Displacement & Velocity

Displacement

  • Definition: The net change in an object’s position in space.
    • Symbol: \Delta x or sometimes d (when explicitly referring to displacement rather than path-length distance).
    • Vector quantity → possesses both magnitude and direction.
    • Represented by a straight line from initial to final position.
    • Ignores the actual path taken; only initial vs. final points matter.
  • Contrast with distance (path length):
    • Distance is scalar and tracks the complete pathway an object travels.
  • Formulae & terminology:
    • General: \Delta x = x{\text{final}} - x{\text{initial}} (vector)
    • Magnitude of displacement often denoted |\Delta x|.

Example 1 – Square Walk

  • Scenario: Person walks
    1. 2\,\text{km} east,
    2. 2\,\text{km} north,
    3. 2\,\text{km} west,
    4. 2\,\text{km} south.
  • Calculations:
    • Total distance traveled: 2+2+2+2 = 8\,\text{km} (scalar).
    • Displacement: 0\,\text{km} → returns to start (vector sum of perpendicular legs cancels).
  • Take-home point: Large distance ≠ large displacement; they can differ drastically.

Velocity

  • Definition: Rate of change of displacement with respect to time.
    • Symbol: \vec v or simply v when focusing on magnitude.
    • SI units: \text{m}\,\text{s}^{-1}.
    • Direction is identical to displacement’s direction.
  • Formula (average velocity over a finite interval):
    \vec v_{\text{avg}} = \frac{\Delta \vec x}{\Delta t}
  • Important distinction: velocity (vector) vs. speed (scalar).

Instantaneous Velocity & Instantaneous Speed

  • Instantaneous velocity: limit of average velocity as \Delta t \rightarrow 0.
    \vec v = \lim_{\Delta t \to 0} \frac{\Delta \vec x}{\Delta t}
  • Instantaneous speed: magnitude of instantaneous velocity.
    • Because a magnitude has no direction, it is strictly scalar.
    • Always non-negative.
    • Instantaneous speed = |\vec v|.

Average Speed vs.
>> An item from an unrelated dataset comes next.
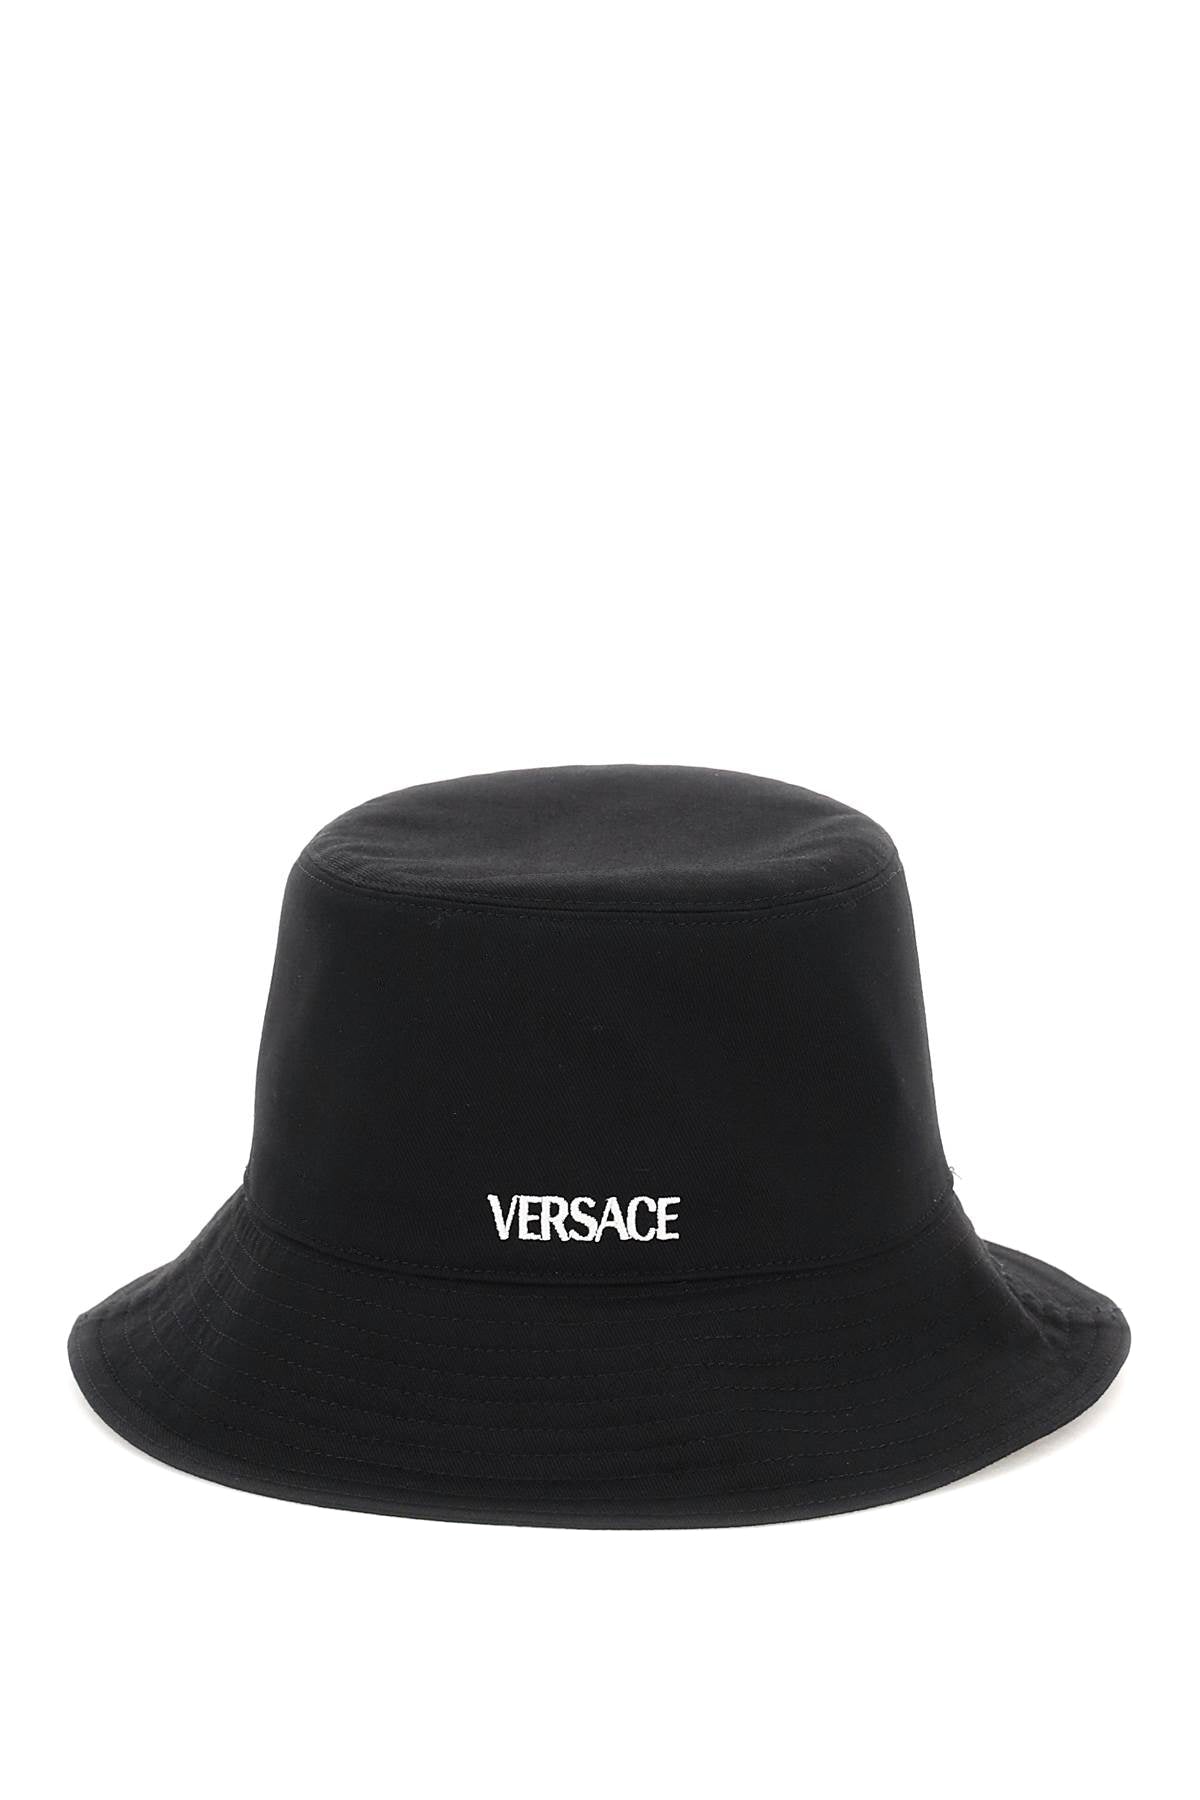 Versace Versace embroidered bucket hat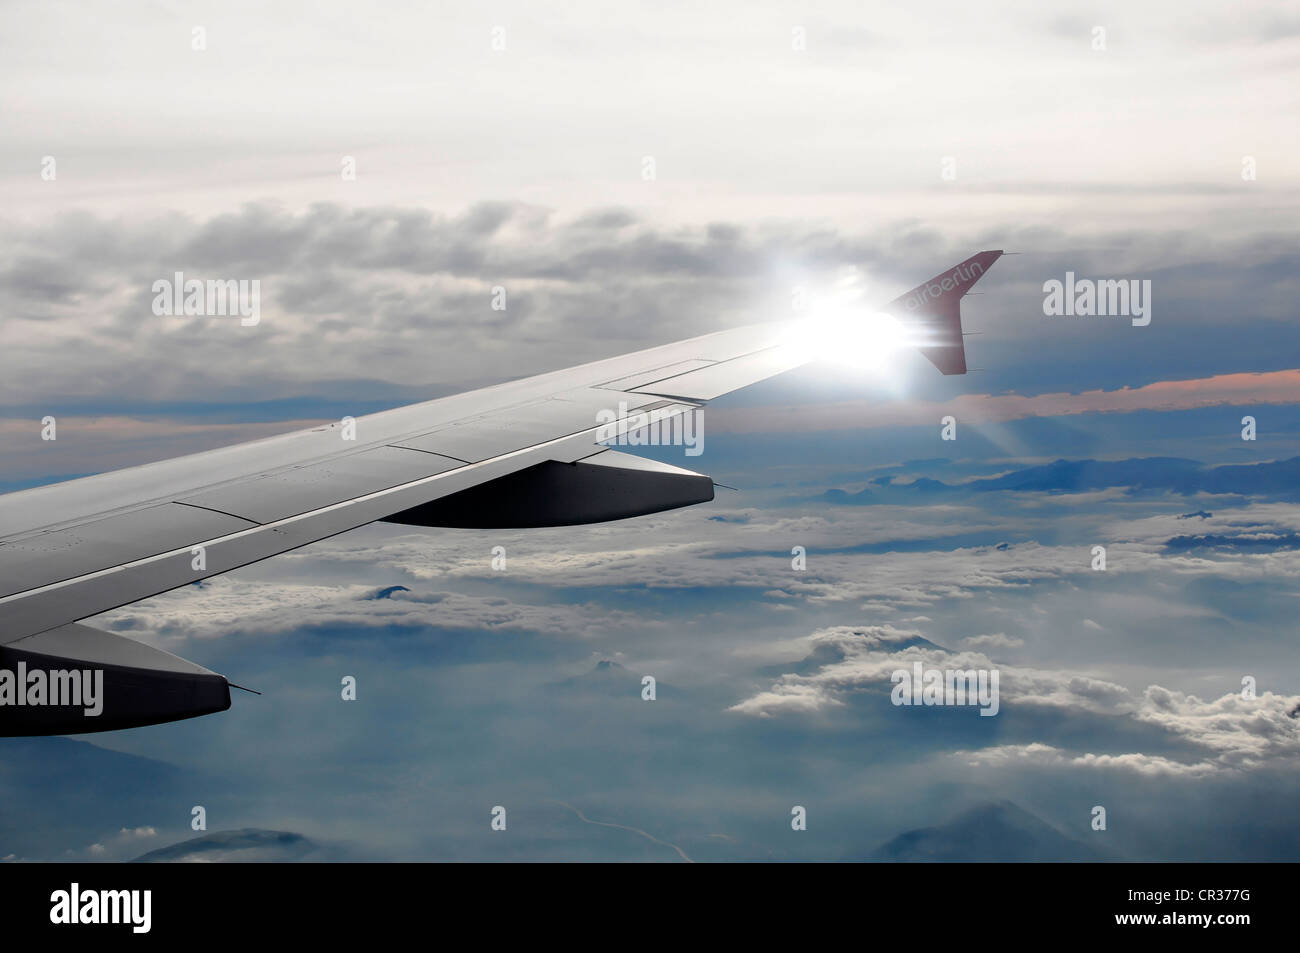 Ala destra, Airbus A 319 in volo sopra le nuvole Foto Stock

Average Velocity

  • Average speed involves total distance traveled:
    v_{\text{avg (speed)}} = \frac{\text{total distance}}{\Delta t} (scalar).
  • Average velocity involves net displacement:
    \vec v_{\text{avg (velocity)}} = \frac{\Delta \vec x}{\Delta t} (vector).
  • Consequently, numerical values can differ; average speed (\ge) magnitude of average velocity.

Example 2 – Earth’s Orbit

  • Data provided:
    • Earth travels roughly 9.4 \times 10^{8}\,\text{km} in one orbital year.
    • Time for one year: 3.16 \times 10^{7}\,\text{s}.
    • Net displacement over one full orbit: 0\,\text{km}.
  • Calculations:
    1. Average speed (distance-based):
      v_{\text{avg}} = \frac{9.4 \times 10^{8}\,\text{km}}{3.16 \times 10^{7}\,\text{s}} \approx 29.88\,\text{km}\,\text{s}^{-1}.
    2. Average velocity (displacement-based):
      \vec v_{\text{avg}} = \frac{0\,\text{km}}{3.16 \times 10^{7}\,\text{s}} = 0\,\text{km}\,\text{s}^{-1}.
  • Lesson: An object can move vast distances yet have zero average velocity if it returns to its starting point.

Summary of Key Points

  • Displacement (vector) vs. distance (scalar) is foundational for distinguishing velocity from speed.
  • Instantaneous measures (speed & velocity) are limits as \Delta t \rightarrow 0.
  • Average measures depend on whether you use displacement or total path length.
  • Real-world illustration (Earth) showcases how average speed can be large while average velocity is zero.
  • Always specify whether a quantity is vector or scalar to avoid conceptual errors.